How Do Outliers Affect the Mean?
How to Estimate the Mean and Median of Any Histogram
How to Find the Mean & Median of Stem-and-Leaf Plots

When would you use median rather than mean?

The answer is simple. If your data contains outliers such as the 1000 in our example, then you would typically rather use the median because otherwise the value of the mean would be dominated by the outliers rather than the typical values. In conclusion, if you are considering the mean, check your data for outliers.

Why would we choose to use the median as the measure of central tendency rather than the mean?

The mean is the most frequently used measure of central tendency because it uses all values in the data set to give you an average. For data from skewed distributions, the median is better than the mean because it isn't influenced by extremely large values.

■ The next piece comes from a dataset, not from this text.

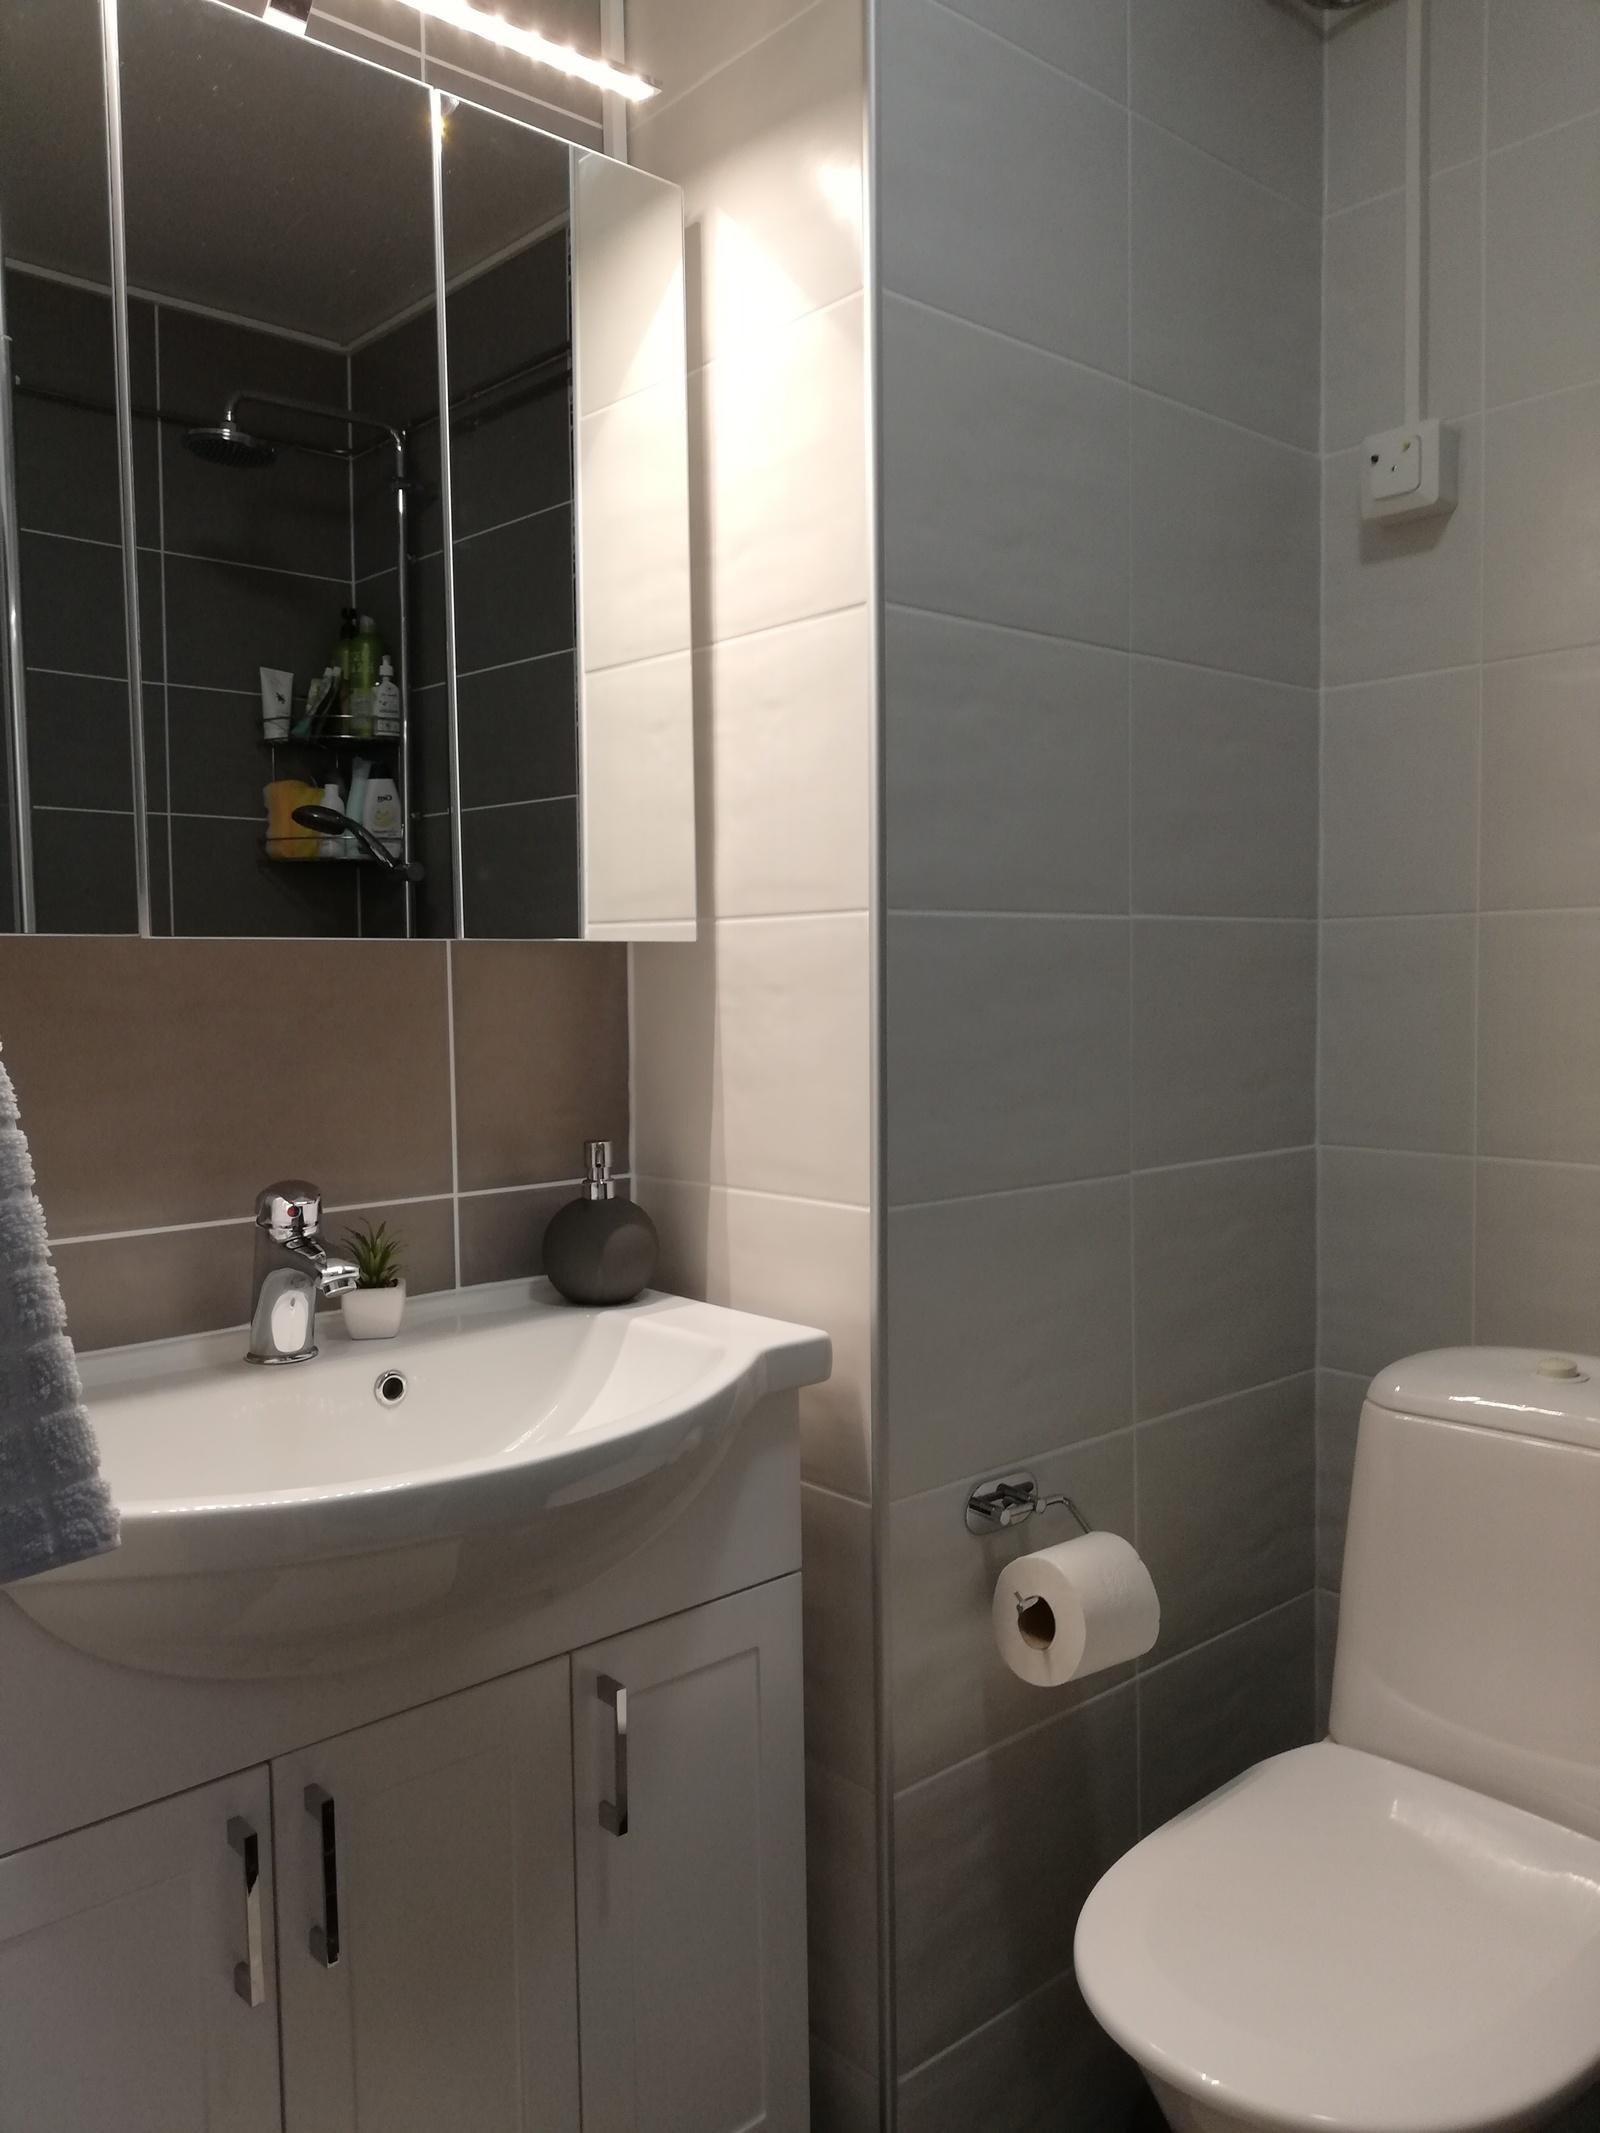 Kylpyhuoneen kaapisto

When would you use median as a measure of central tendency?

The median is less affected by outliers and skewed data than the mean, and is usually the preferred measure of central tendency when the distribution is not symmetrical.

When should you use the median rather than the mean to measure the center of a distribution of quantitative data?

The median is usually preferred to other measures of central tendency when your data set is skewed (i.e., forms a skewed distribution) or you are dealing with ordinal data. However, the mode can also be appropriate in these situations, but is not as commonly used as the median.